The Problem
Security operations centers face an alert volume problem. A mid-size organization's security stack — SIEM, EDR, network detection, email security, cloud security posture — generates thousands of alerts per day. Security analysts must triage each alert to determine if it represents a genuine threat requiring investigation or a false positive to be closed.
CrowdStrike's 2024 Global Threat Report documents that the median attacker breakout time — time from initial access to lateral movement — is 62 minutes. SentinelOne's threat intelligence data shows that 79% of cyberattacks are malware-free (using legitimate tools and credentials). The implication: detection speed matters, and high false positive rates slow detection.
The SANS 2024 SOC survey found that 60% of SOC analysts report alert fatigue as their primary challenge, and organizations with high false positive rates see faster analyst turnover. The structural problem is that the alert volume has grown faster than analyst headcount, and each alert requires contextual investigation before a triage decision can be made accurately.
The Solution
The Security Threat Detection & Response Agent pre-investigates security alerts before an analyst opens them. When an alert fires, the agent automatically assembles context: pulls the related endpoint's recent process history, network connections, and user activity; checks the involved IPs, domains, and file hashes against threat intelligence feeds; retrieves related alerts from the past 30 days for the same asset; and produces a structured investigation summary with a threat assessment.

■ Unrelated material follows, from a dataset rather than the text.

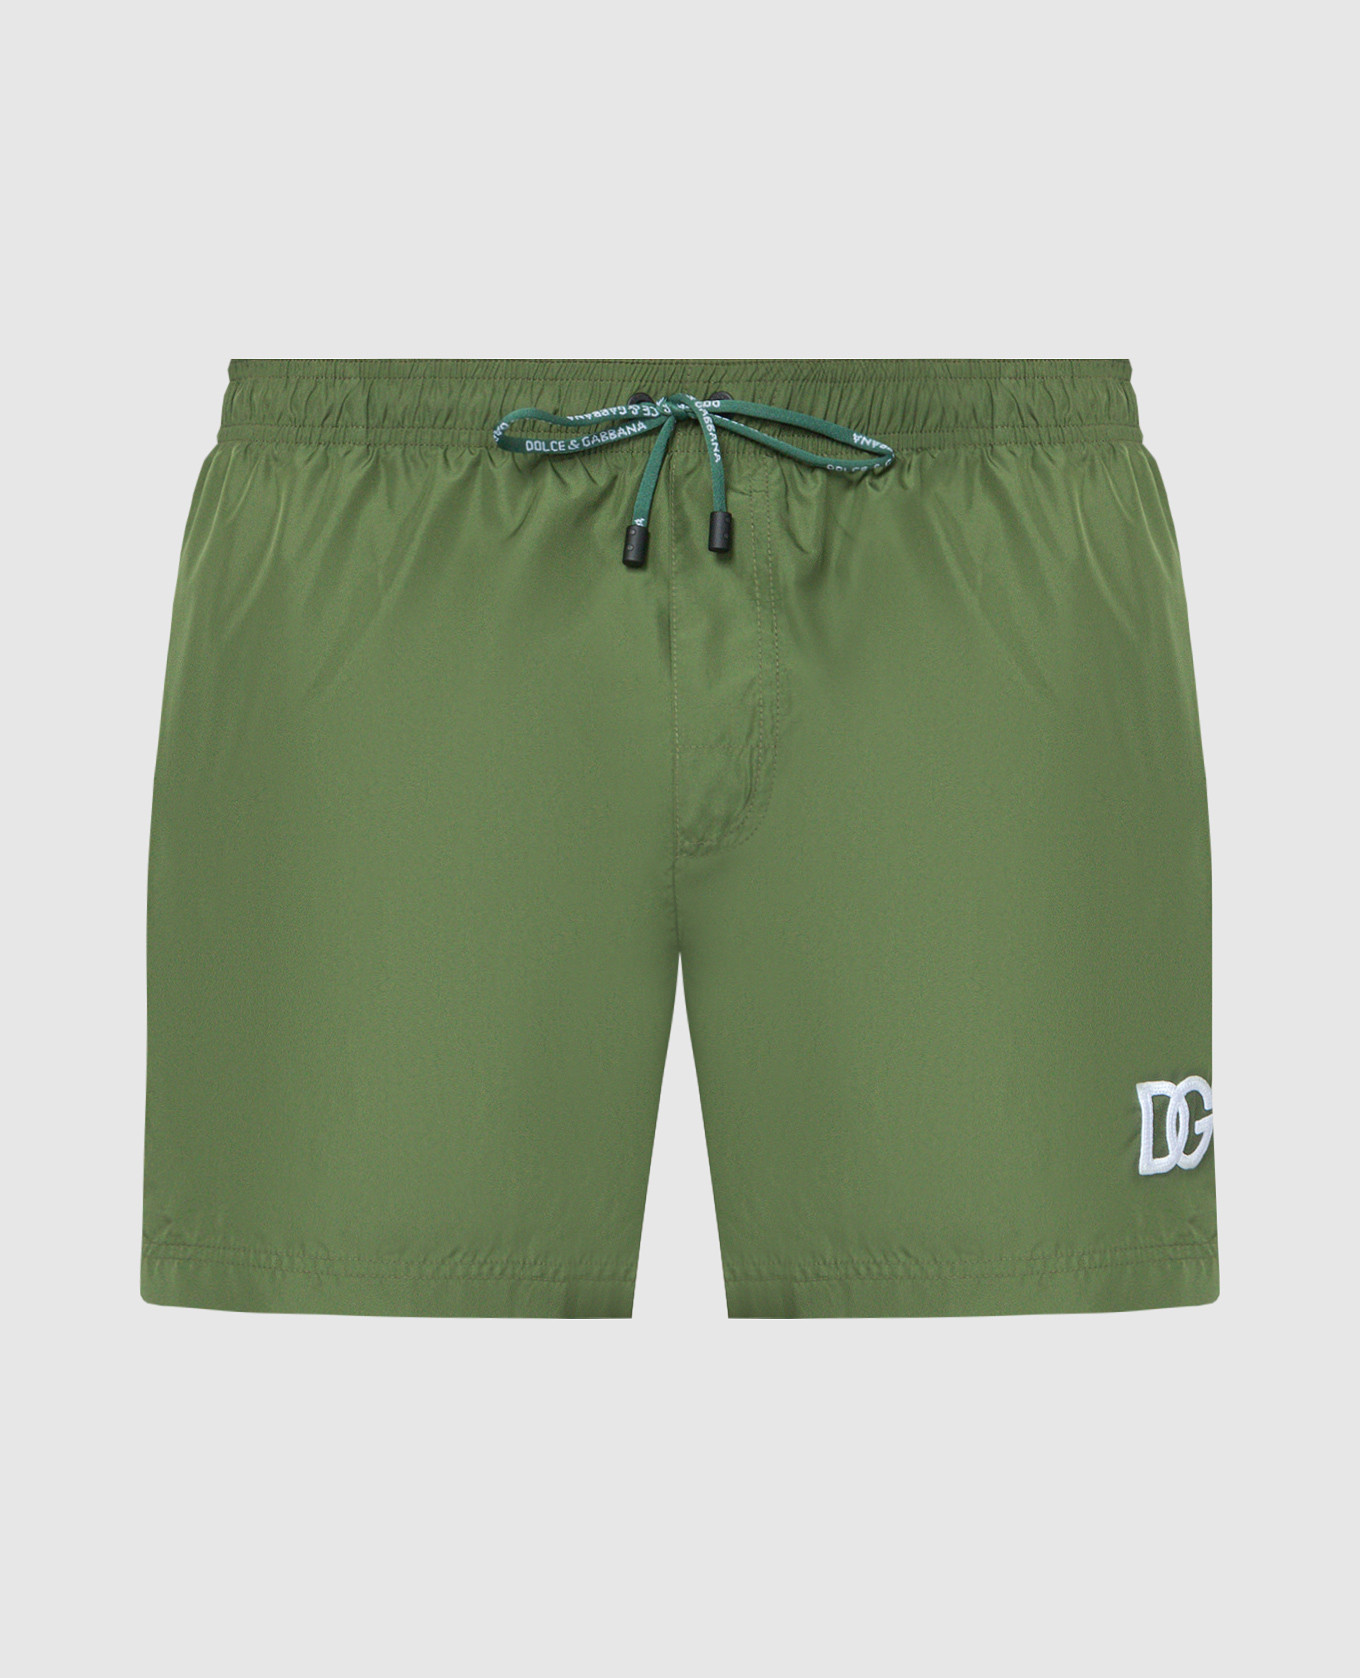 Green swim shorts with logo monogram patch

The analyst receives a ticket with the investigation pre-complete: here is what happened, here is the context, here is the threat assessment, here is the recommended action. For clear false positives, the analyst closes the ticket in seconds. For genuine threats, the analyst has the investigation context needed to make response decisions immediately, without the 15–30 minutes typically spent assembling context manually.
For confirmed incidents, the agent assists with response coordination: generating containment action checklists, documenting the incident timeline, and drafting stakeholder notifications.
How It's Built
An event ingestion layer (Go, Kafka) receives alert feeds from SIEM, EDR, and cloud security tools via webhook and API. The investigation agent (LangGraph) orchestrates parallel context gathering: log API queries, threat intelligence lookups, and related alert retrieval. A MITRE ATT&CK classification model maps observed behaviors to technique IDs. An LLM synthesis layer produces the investigation summary with threat assessment and recommended disposition. For playbook-eligible incident types, a separate response orchestration agent executes playbook steps with human-approval gates. All actions are logged to an immutable audit trail.